Take the line containing "东莞市申源模具钢材有限公司" through the last line of the data and retype those lines exactly. Pictures do not belong in the copy.

- [Recorded data]:
----

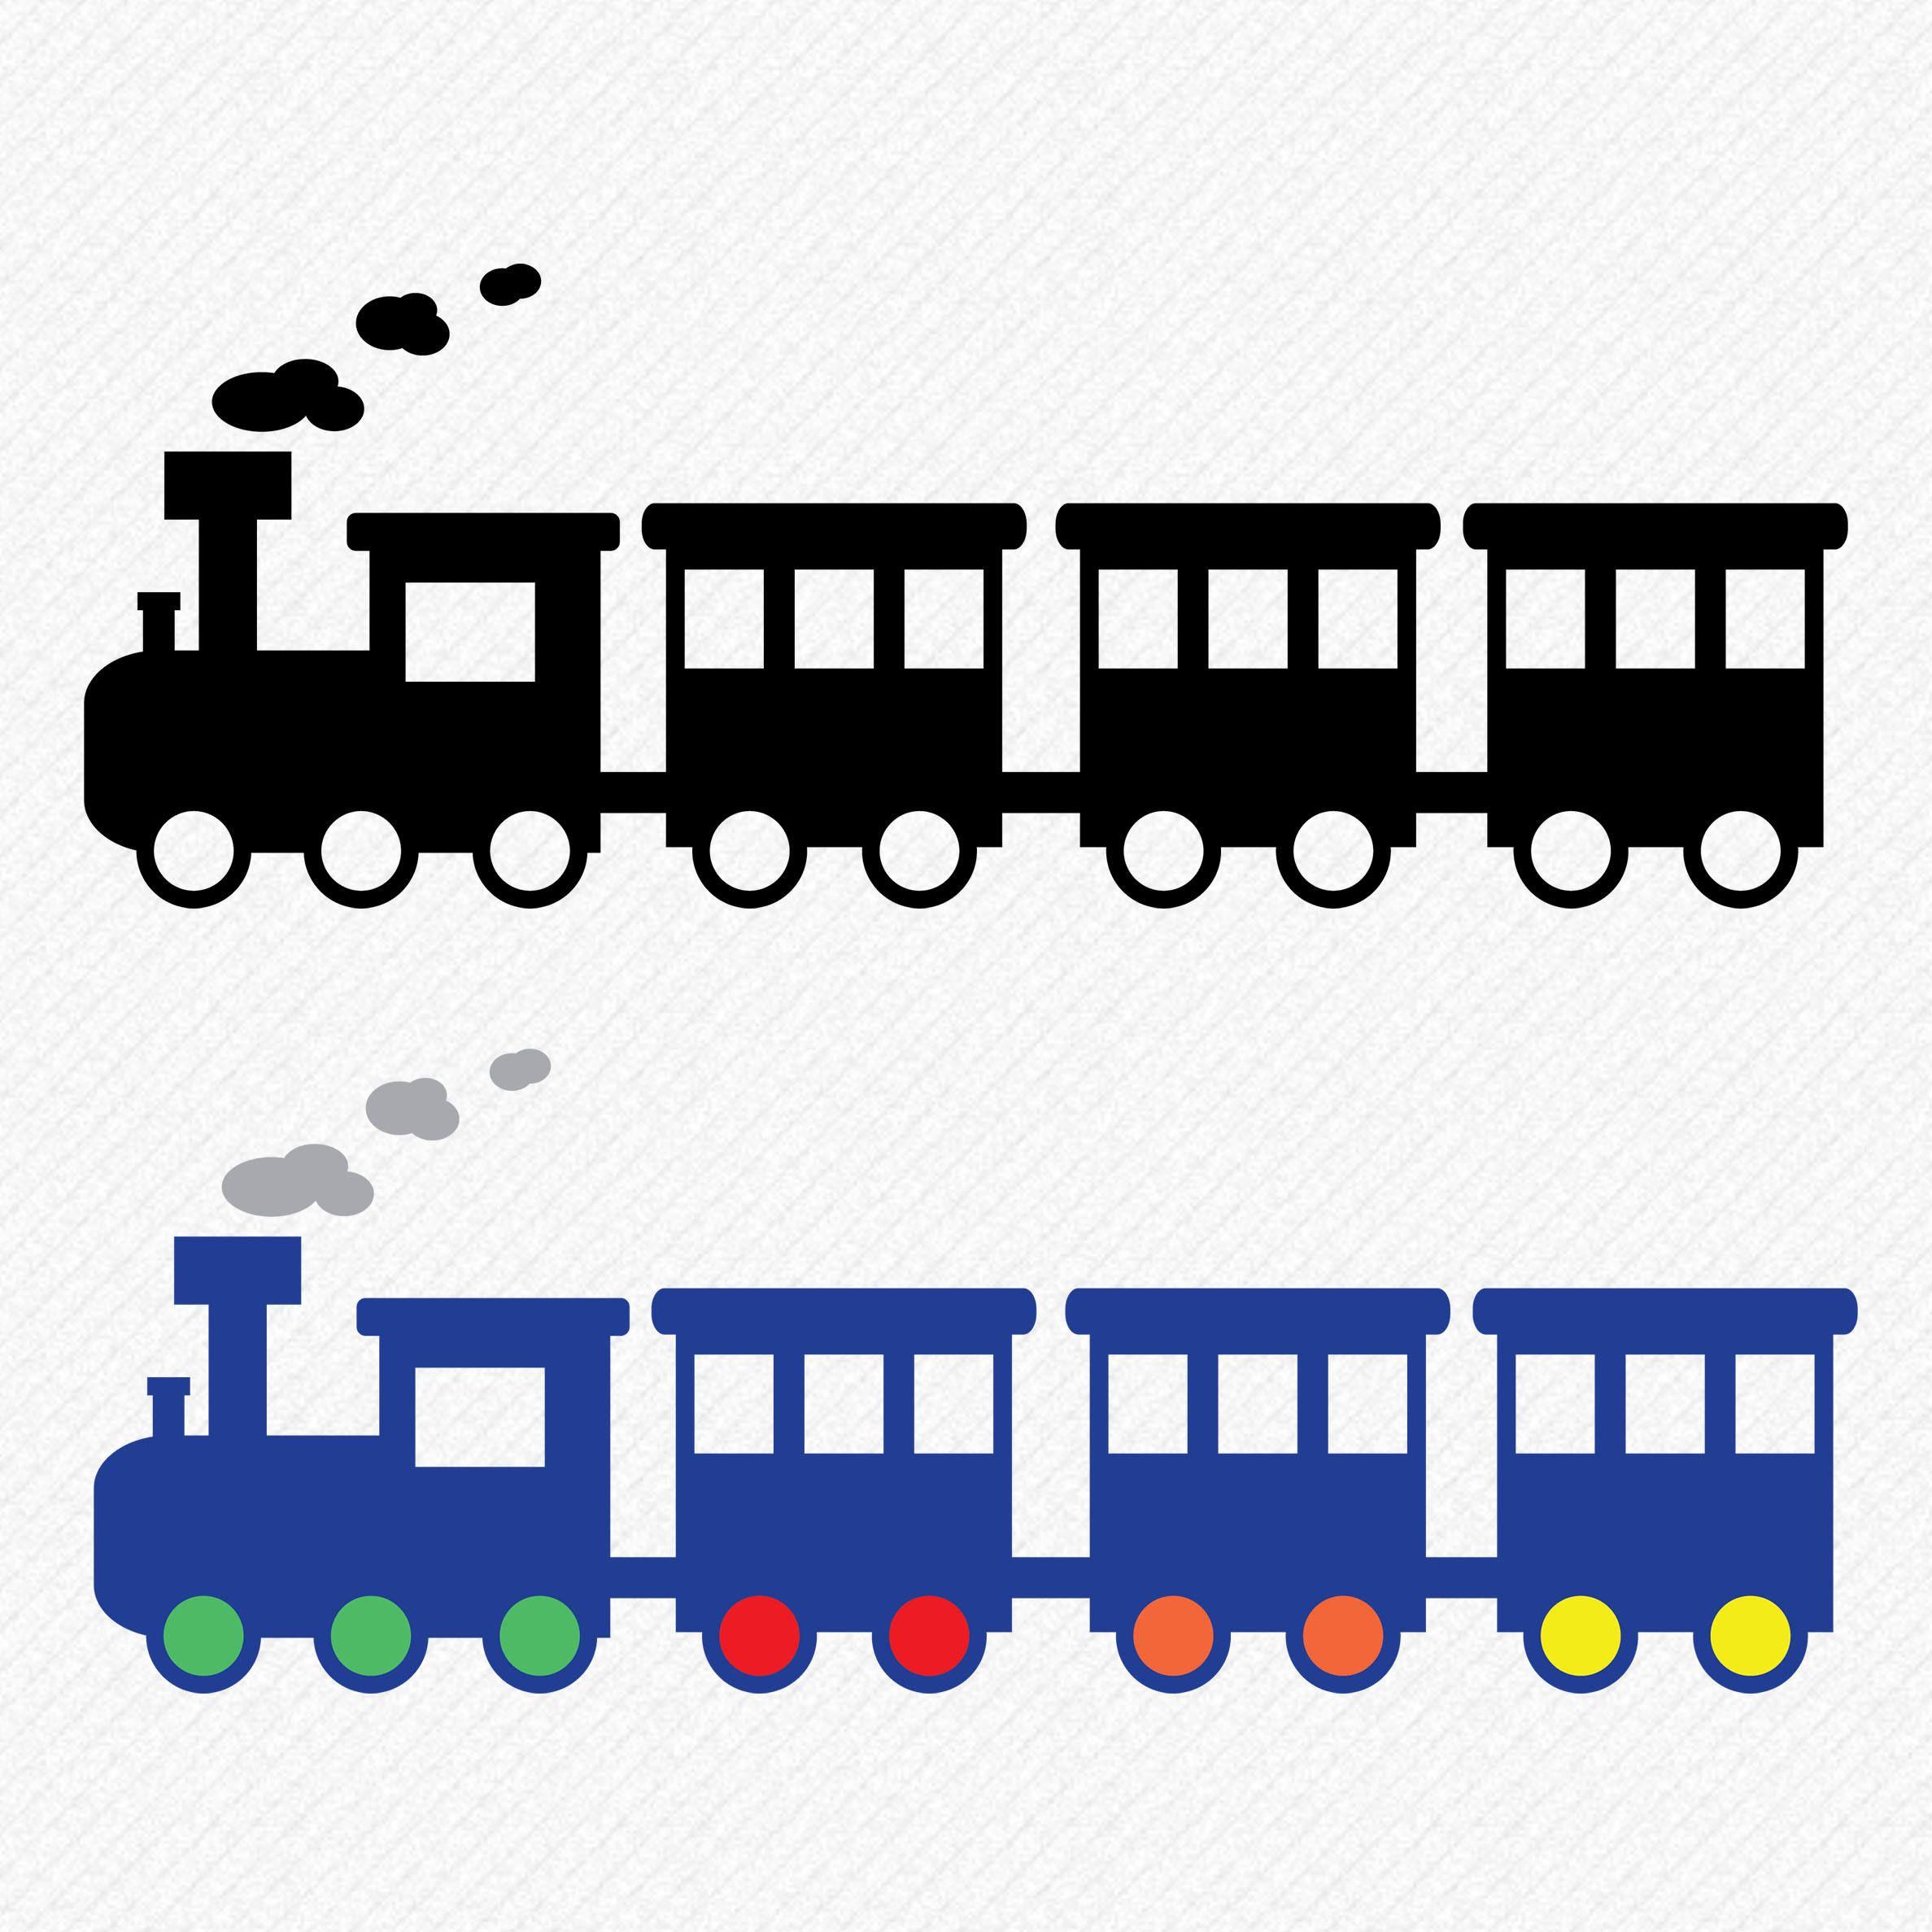 Train Svg Train Clipart Train Silhouette Train Vector Etsy In 2021 Train Clipart Train Silhouette Train Vector
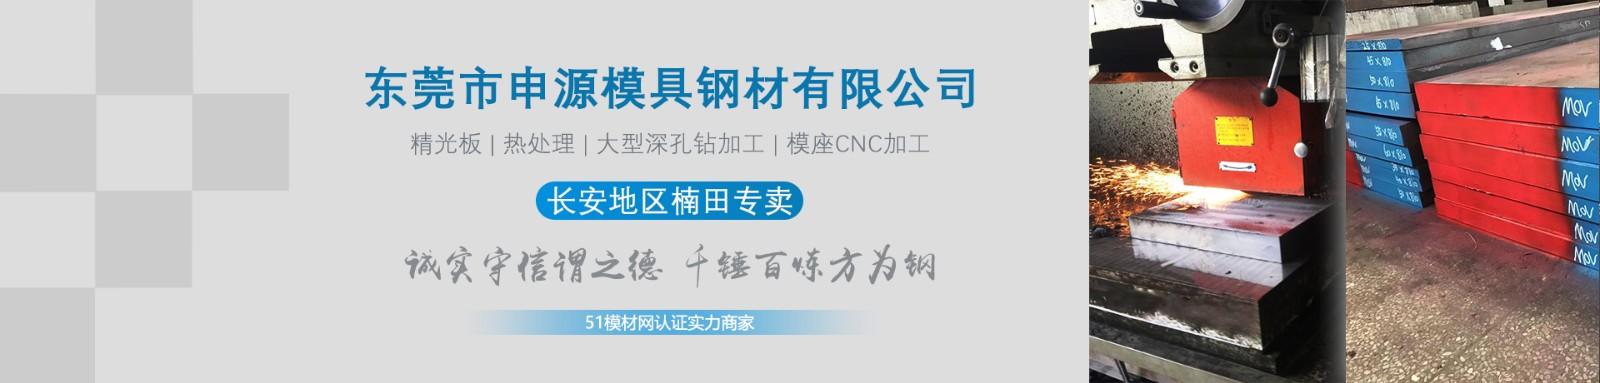 东莞市申源模具钢材有限公司
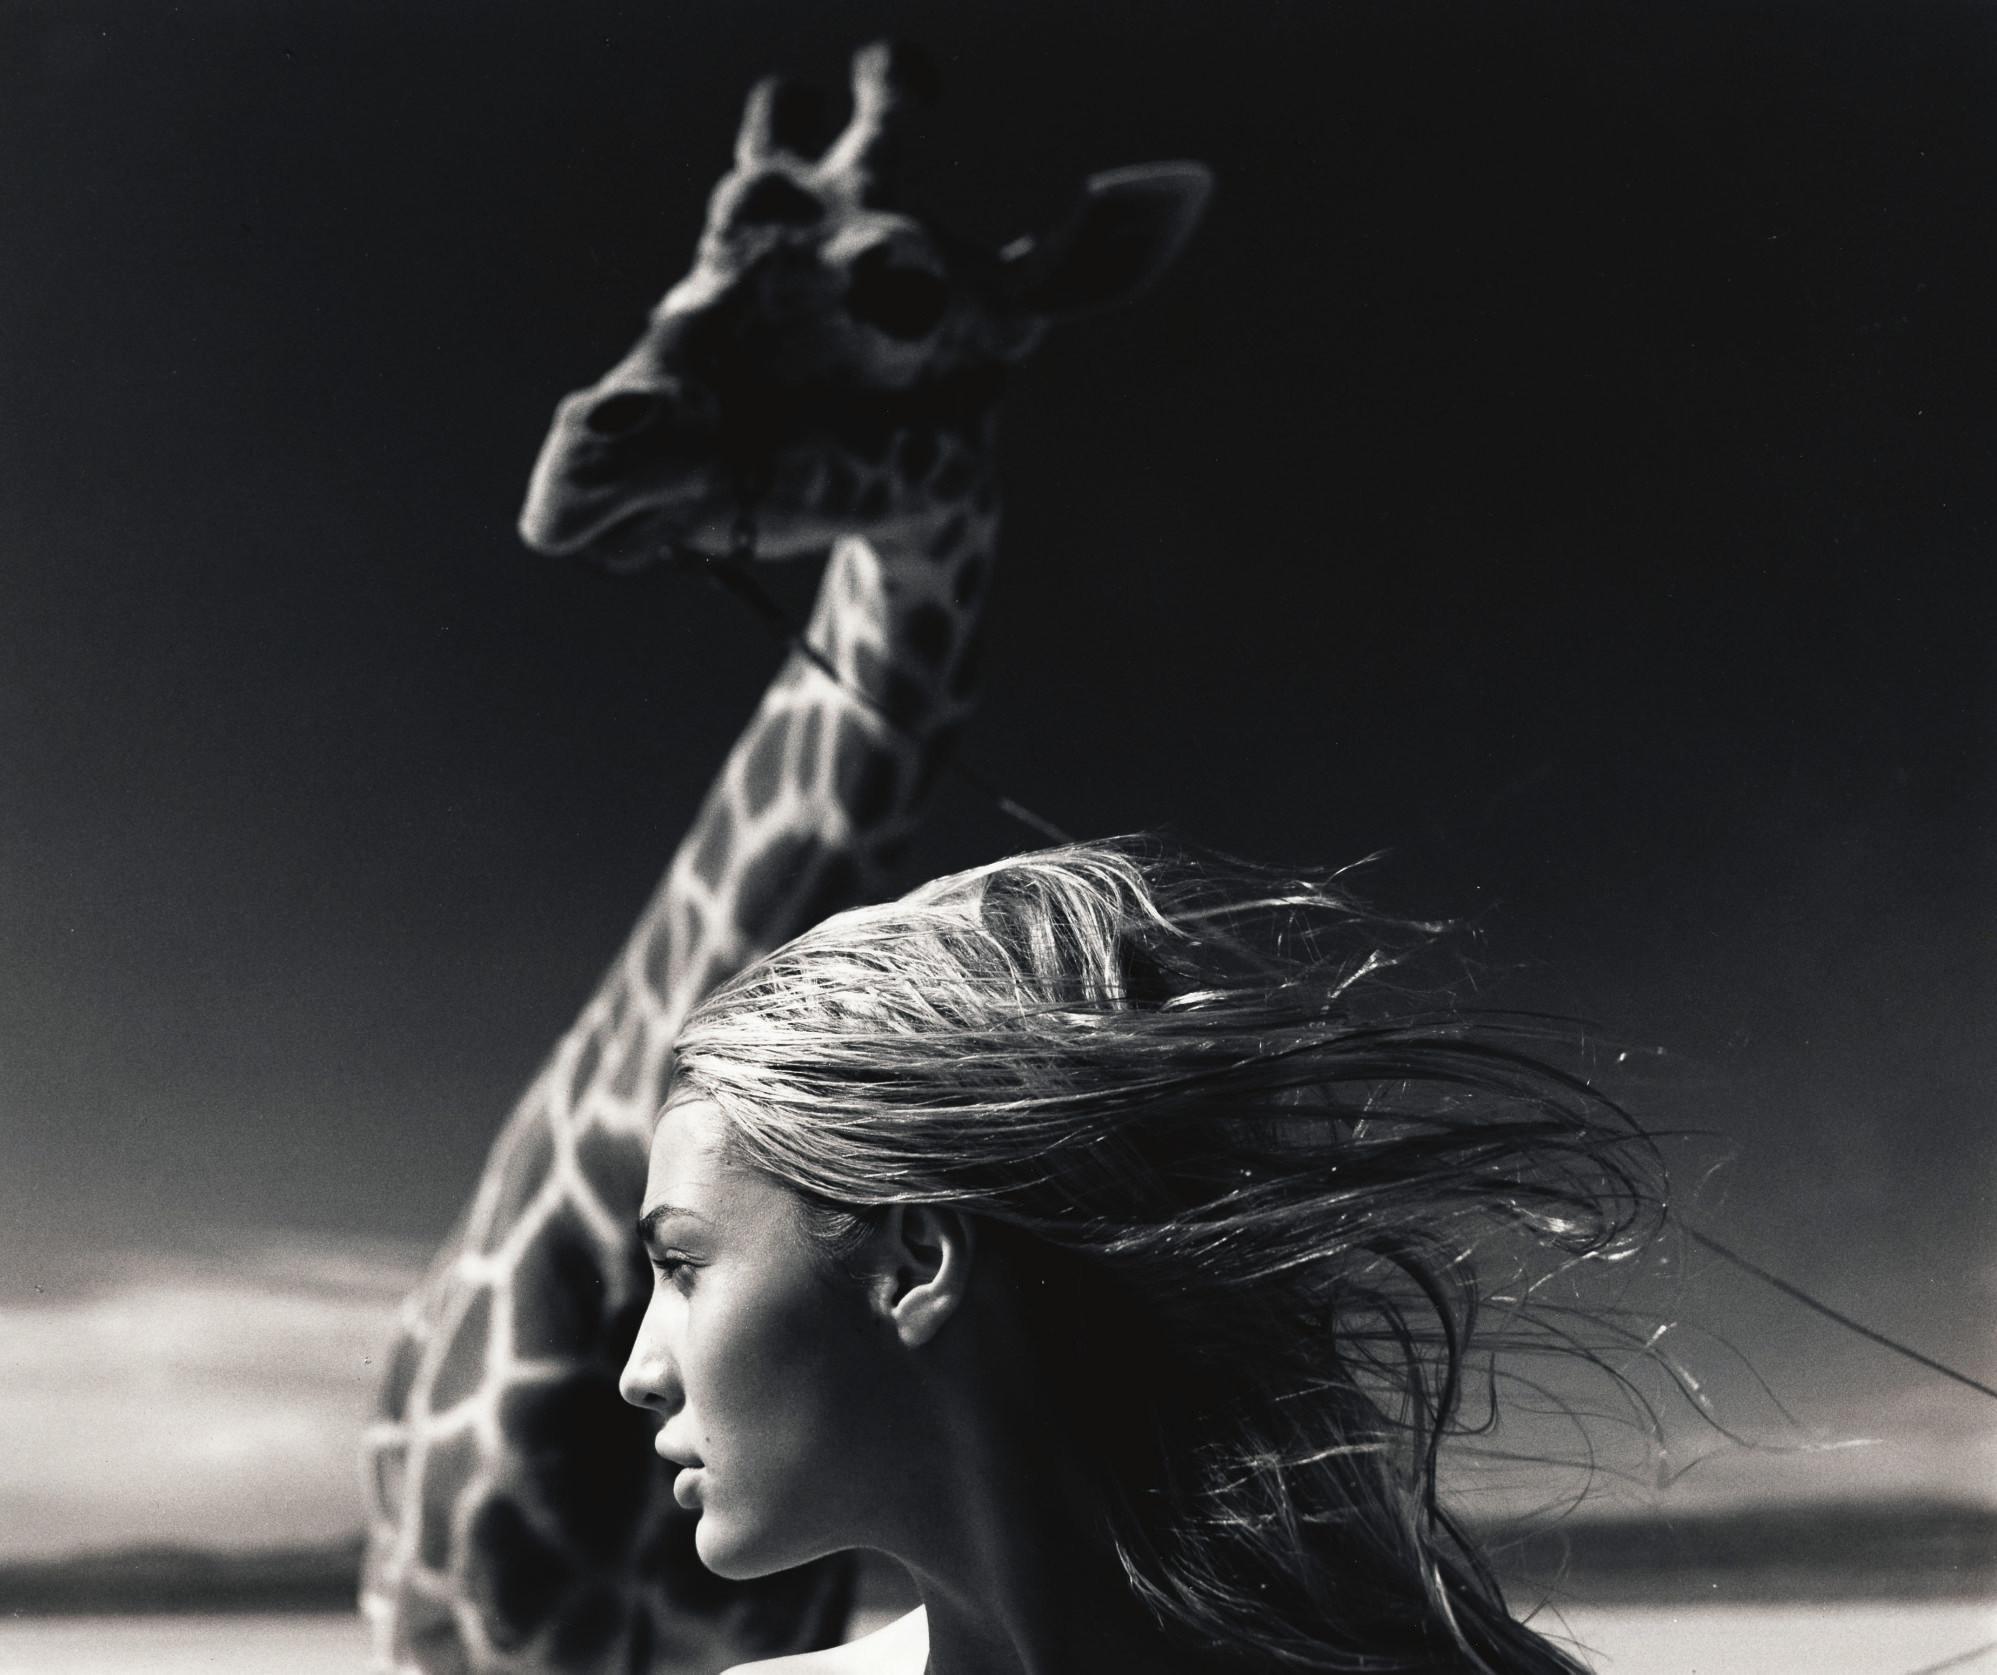 Jaime and giraffe, Mojave Desert, 1996

----

- [Response to the task]:
 东莞市申源模具钢材有限公司
 Jaime and giraffe, Mojave Desert, 1996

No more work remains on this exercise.